# Hands-On Machine Learning by Géron

Part I. The Fundamentals of Machine Learning 

# 1. The Machine Learning landscape 

A look at the map and learn about the main regions and the most notable landmarks: 
- supervised versus unsupervised learning
- online versus batch learning, 
- instance based versus model-based learning

Then we will look at the workflow of a typical ML project, discuss the main challenges you may face, and cover how to evaluate and fine-tune a Machine Learning system. 

## What is Machine Learning? 

Machine Learning is the science (and art) of programming computes so they can *learn from data*.

## Why Use Machine Learning? 

Machine Learning can help humans learn. ML algorithms can be inspected to see what they have learned (although for some algorithms this can be tricky). 
Applying ML techniques to dig into large amounts of data can help discover patterns that were not immediately apparent. This is called *data mining*. 

To summarize, Machine Learning is great for: 
- Problems for which existing solutions require a lot of fine-tuning or long lists of rules: one Machine learning algorithm can often simplify code and perform better than the traditional approach. 

- Complex problems for which using a traditional approach yields no good solution: the best Machine Learning techniques can perhaps find a solution. 

- Fluctuating environments: a Machine Learning system can adapt to new data. 

- Getting insights about complex problems and large amounts of data. 

## Types of Machine Learning Systems


### Supervised/Unsupervised Learning 

Machine Learning systems can be classified according to the amount and type of supervision they get during training. 
There are four major categories: 
1. supervised learning,
2. unsupervised learning,
3. smisupervised learning, 
4. and Reinforcement learning.

#### Supervised Learning

In *supervised learning*, the training set you feed to the algorithm includes the desired solutions, called *labels*. 

A typical supervised learning task is *classification* given a set of data with their *class*. 

Another typical task is to predict a *target* numeric value given a set of *features* called *predictors*. This sort of task is called *regression*. To train the system, you need to give it many examples of instances including both their predictors and their labels. 

Some regression algorithms can be used for classification as well, and vice versa.
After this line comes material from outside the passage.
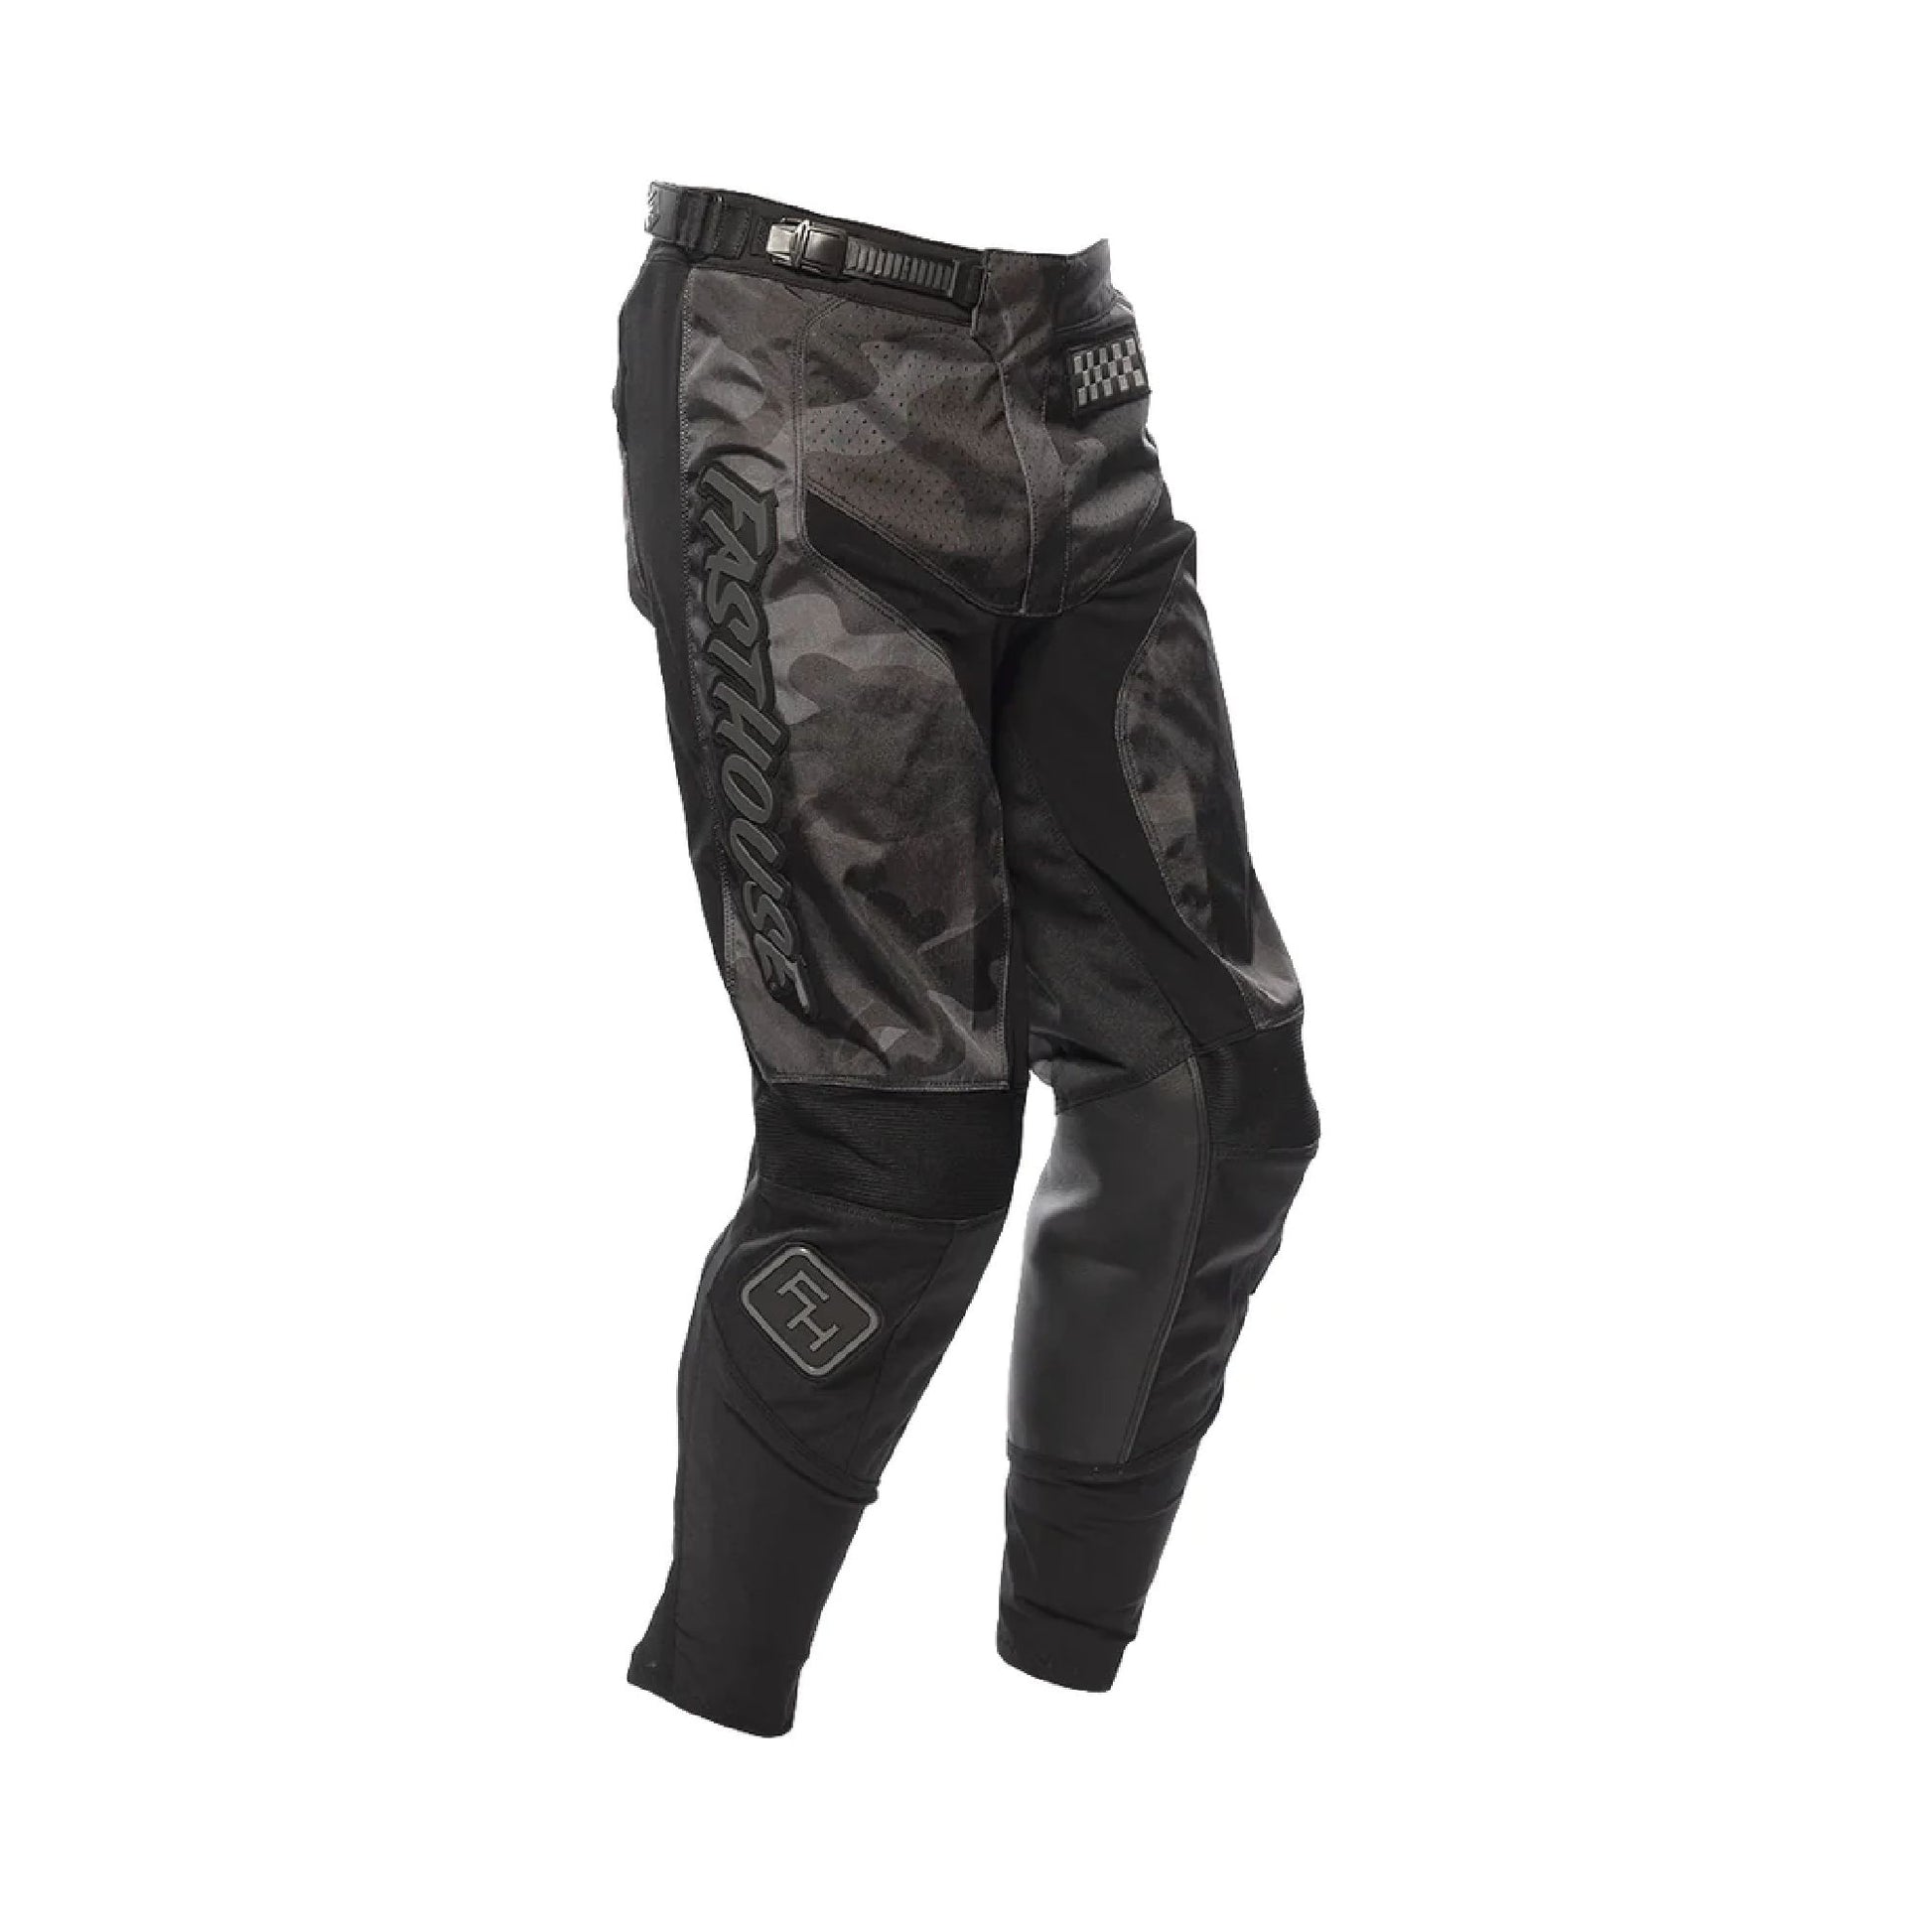 Fasthouse Youth Grindhouse Pants Camo Black Bike Pants

For example, *Logistic Regression* is commonly used for classification, as it can output a value that corresponds to the probability of belonging to a given class. 

> Note: In machine learning an *attribute* is a data type, while a *feature* has several meanings, depending on the context, but generally means an attribute plus its value. 
Many people use the words *attribute* and *feature* interchangeably. 

Some of the most important supervised learning algorithms: 
- k-nearest neighbors
- linear regression
- logistic regression 
- Support Vector Machines (SVMs)
- Decision Trees and Random Forests 
- Neural Networks 

some neural network architectures can be unsupervised. They can also be semisupervised and unsupervised pretraining. 


#### Unsupervised learning 

In *unsupervised learning* the training data is unlabeled. The system tries to learn without a teacher. 

Some of themost important unsupervised learning algorithms (ch8-ch9): 
* Clustering 
    - K-Means
    - DBSCAN
    - Hierarchical Cluster Analysis (HCA)
* Anomaly detection and novelty detection
    - One-class SVM
    - Isolation Forest
* Visualization and dimensionality reduction 
    - Principal Component Analysis (PCA) 
    - Kernel PCA
    - Locally Linear Embedding (LLE)
    - t-Distributed Stochastic Neighbor Embedding (t-SNE)
* Association rule learning 
    - Apriori
    - Eclat

*Visualization* algorithms are also good examples of unsupervised learning algorithms: you feed them a lot of complex and unlabeled data, and they output a 2D and 3D representation of our data that can easily be plotted. 
These algorithms try to preserve as much structure as they can so that you can understand how the data is organized and perhaps identify unsuspected patterns. 

A realted task is *dimensinality reduction*, in which the goal is to simplify the data without losing too much information. 
One way to do this is to merge several correlated features into one. 
This is called *feature extraction*. 

> Note: It is often a good idea to try to reduce the dimension of your training data using a dimensionality reduction algorithm before you feed it to another Machine Learning algorithm (such as a supervised learning algorithm). It will run much faster, the data will take up less disk and memory space, and in some cases it may also perform better. 

Yet another important unsupervised task is *anomaly detection*. The system is shown mostly normal instances during training, so it learns to recognize them; then, when it sees a new instance, it can tell whether it looks like a normal one or whether it is likely an anomaly. 
A very similar task is *novelty detection*: it aims to detect new instances that look different from all instances in the training set. 

Finally, another common unsupervised task is *association rule learning*, in which the goal is to dig into large amounts of data and discover interesting relations between attributes. 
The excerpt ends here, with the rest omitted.